━━━ DATA TO PROCESS ━━━

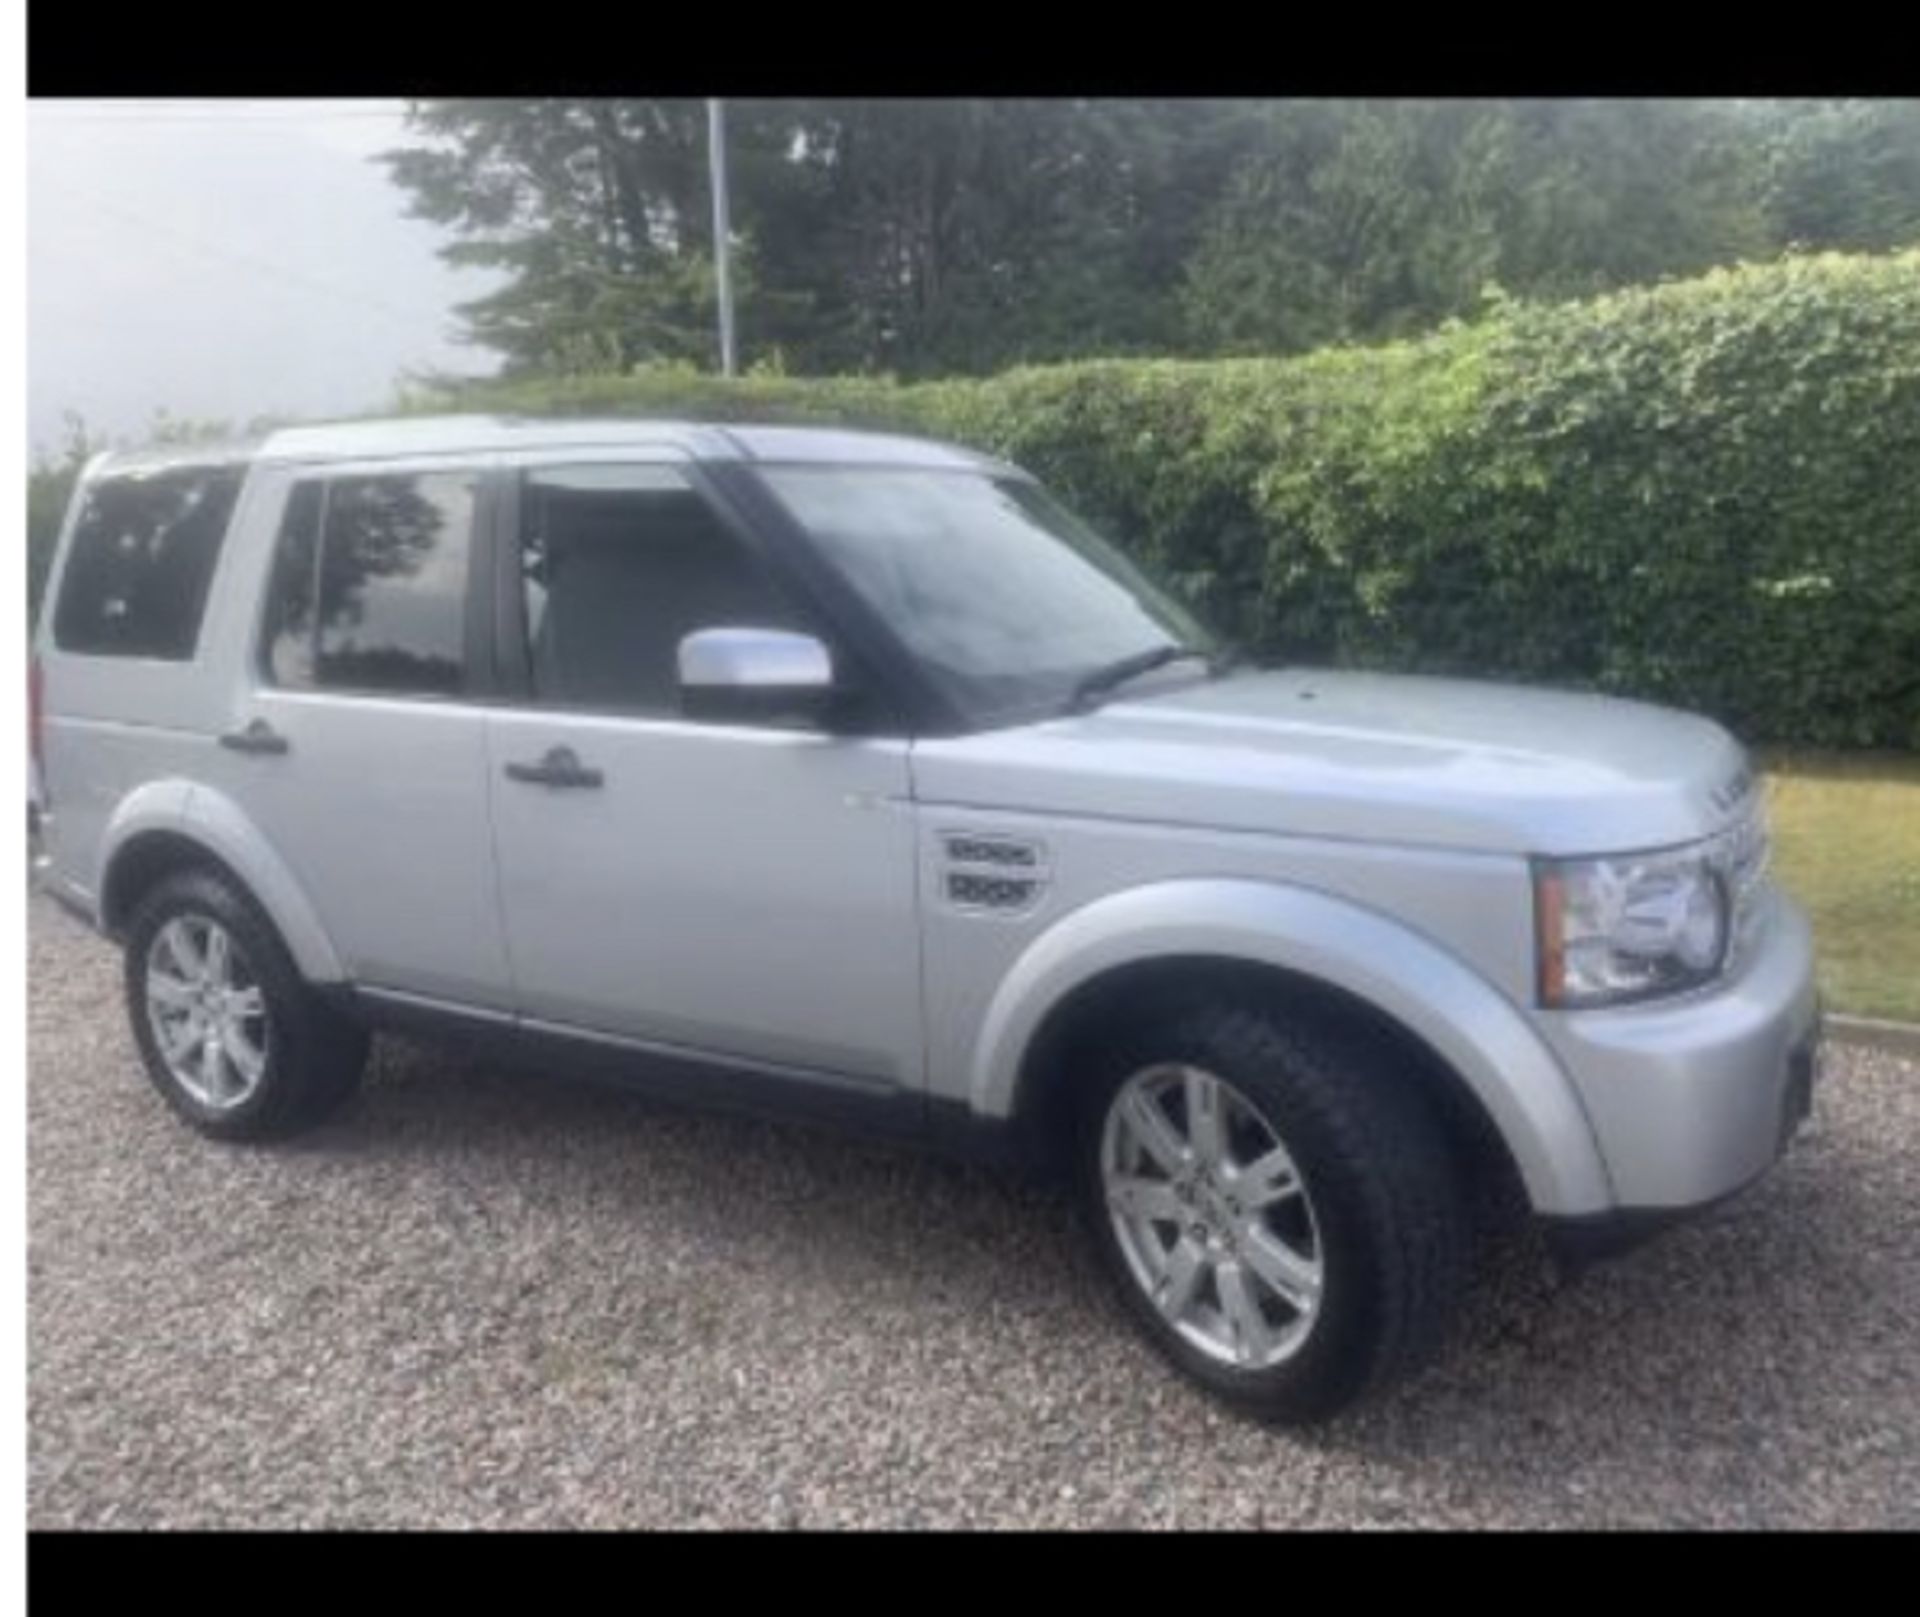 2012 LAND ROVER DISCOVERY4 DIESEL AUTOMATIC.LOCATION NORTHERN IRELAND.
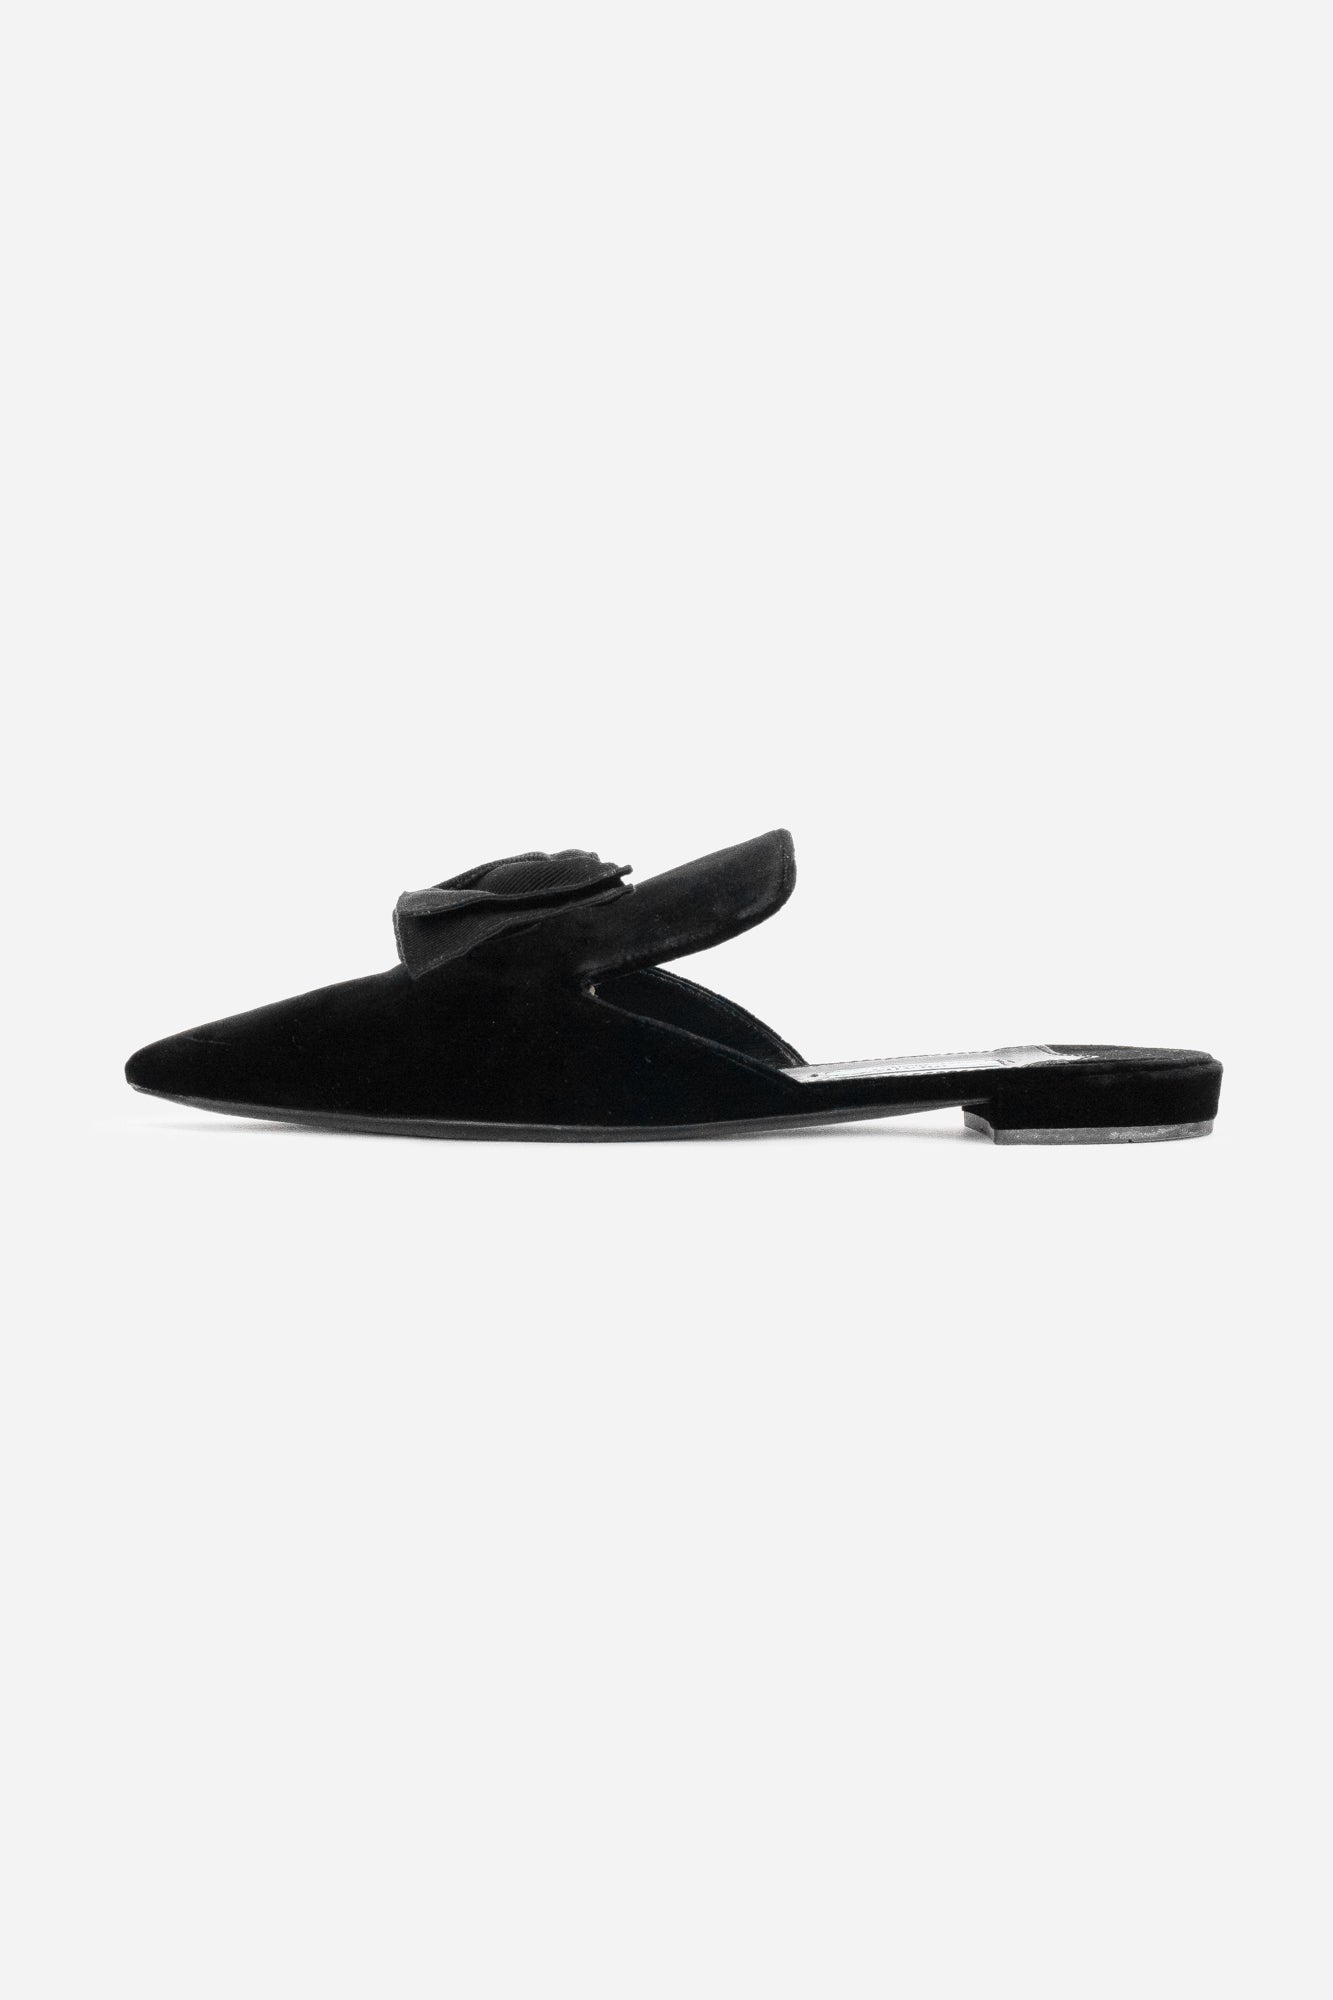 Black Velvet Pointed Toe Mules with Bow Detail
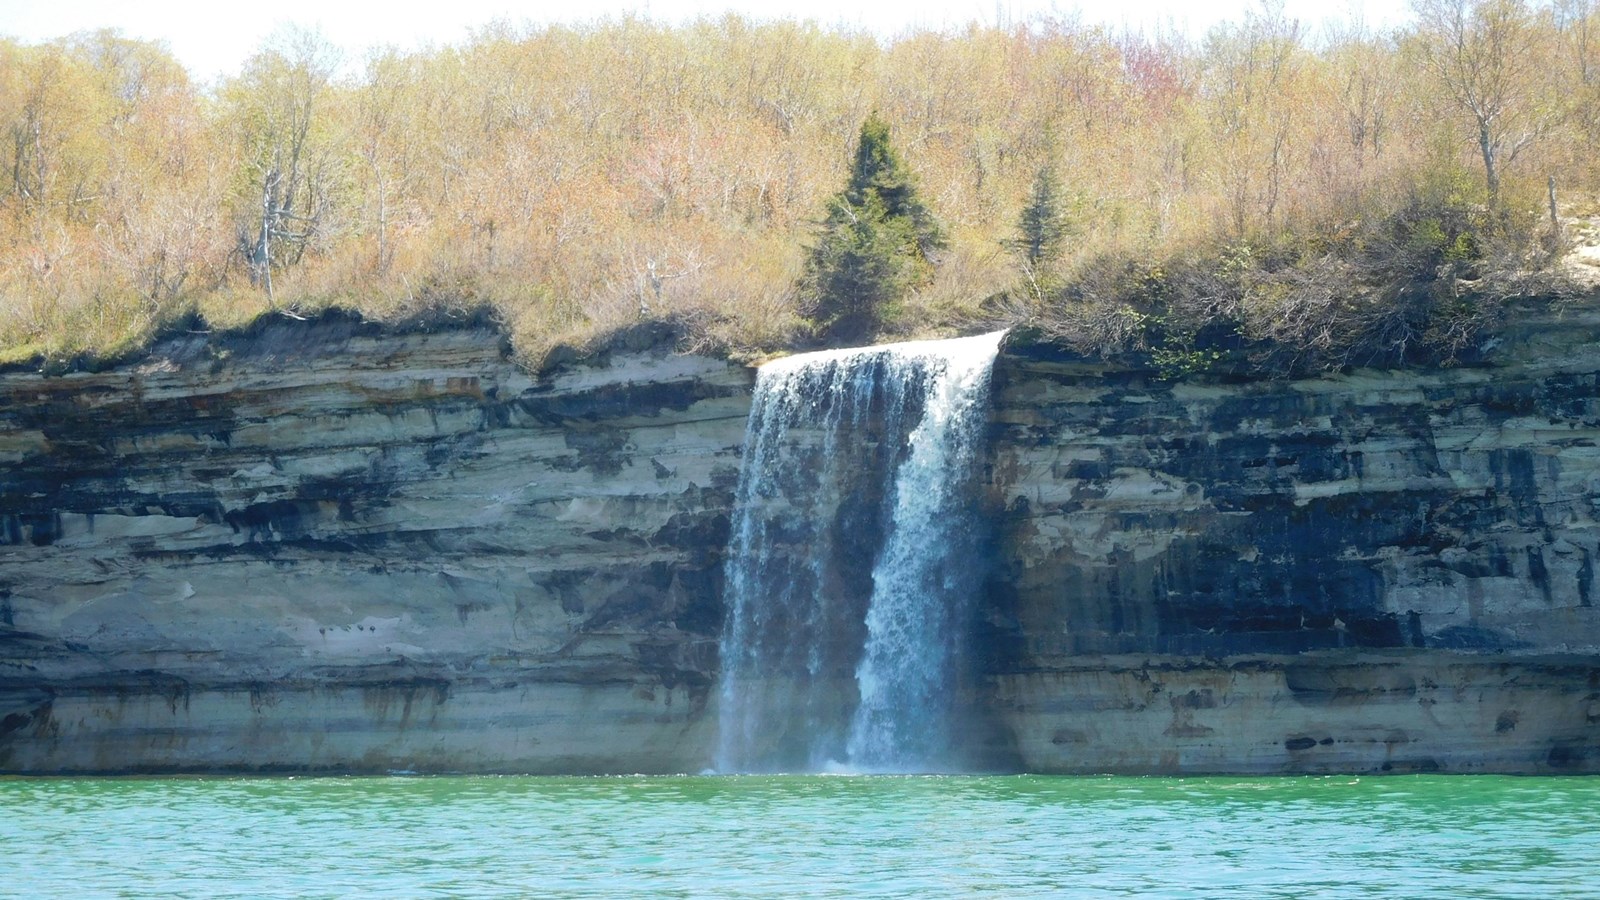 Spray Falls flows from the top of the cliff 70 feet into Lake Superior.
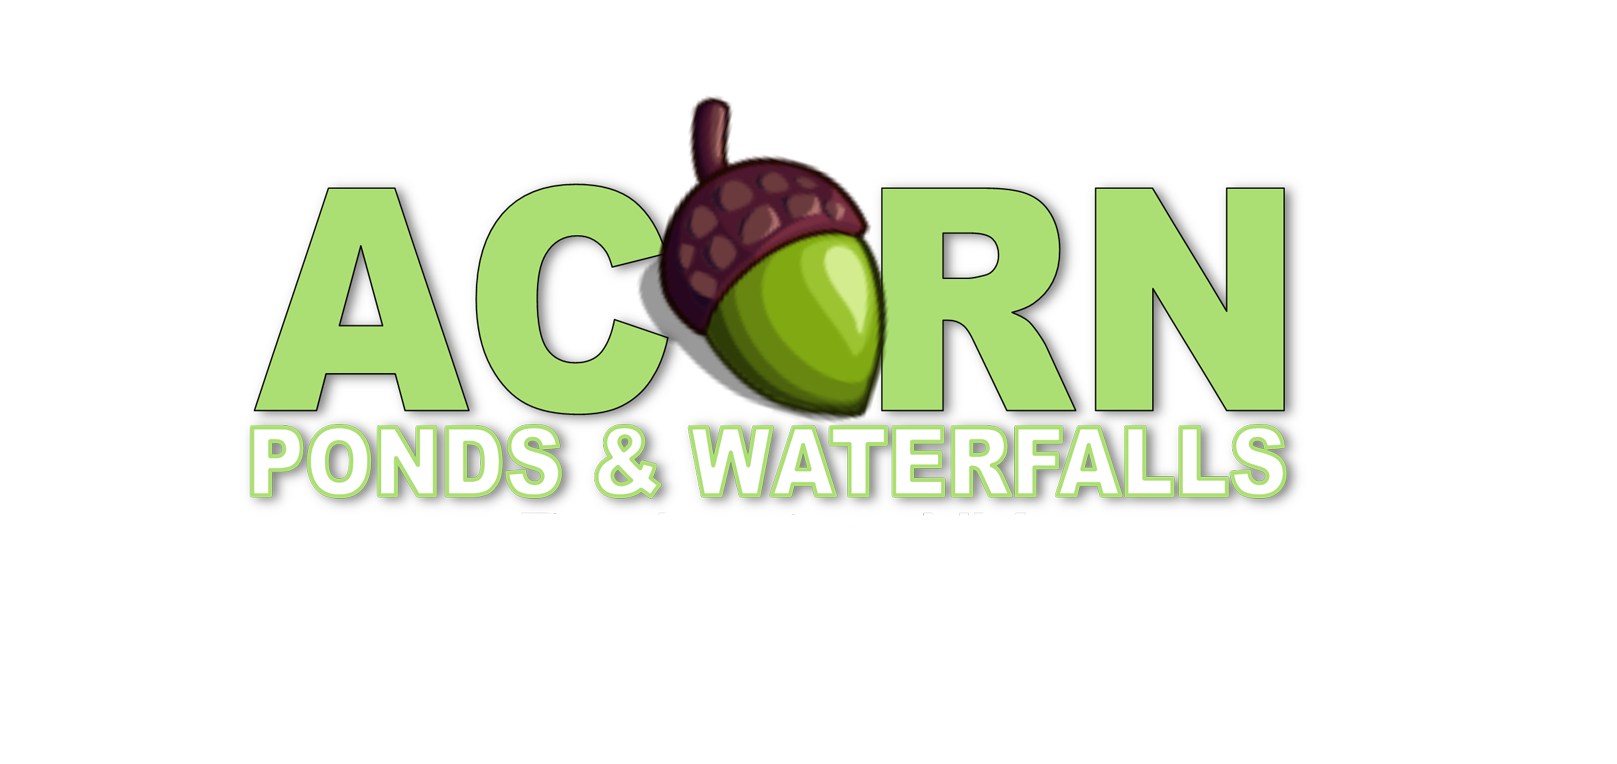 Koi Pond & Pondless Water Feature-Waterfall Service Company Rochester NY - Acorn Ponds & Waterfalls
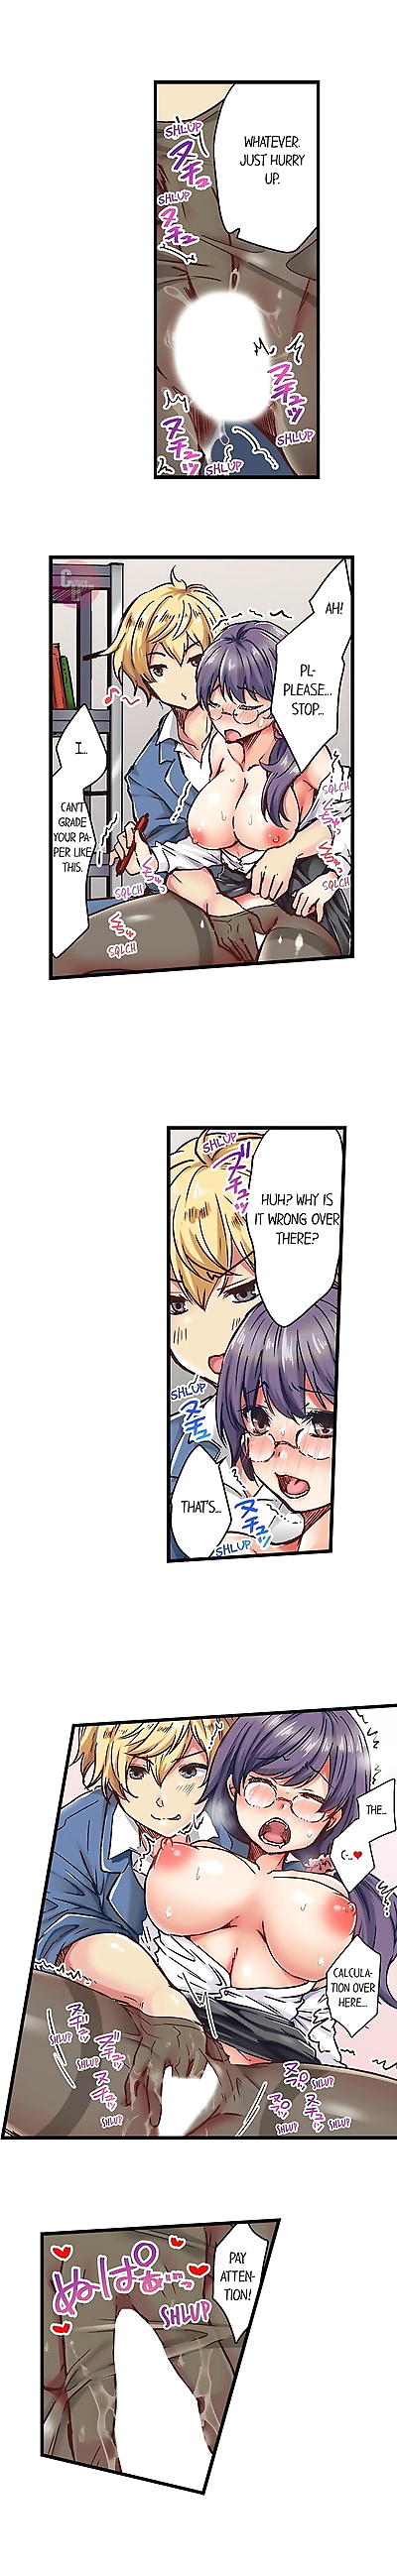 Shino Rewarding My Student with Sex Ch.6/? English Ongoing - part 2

━━━

▶ _YOUR ASSIGNMENT_: Everything in the data except the pictures must appear in your answer unchanged.

▶ _SOLUTION FOR THIS TASK_:
 2012 LAND ROVER DISCOVERY4 DIESEL AUTOMATIC.LOCATION NORTHERN IRELAND.
 Black Velvet Pointed Toe Mules with Bow Detail
 Spray Falls flows from the top of the cliff 70 feet into Lake Superior.
 Koi Pond & Pondless Water Feature-Waterfall Service Company Rochester NY - Acorn Ponds & Waterfalls
 Shino Rewarding My Student with Sex Ch.6/? English Ongoing - part 2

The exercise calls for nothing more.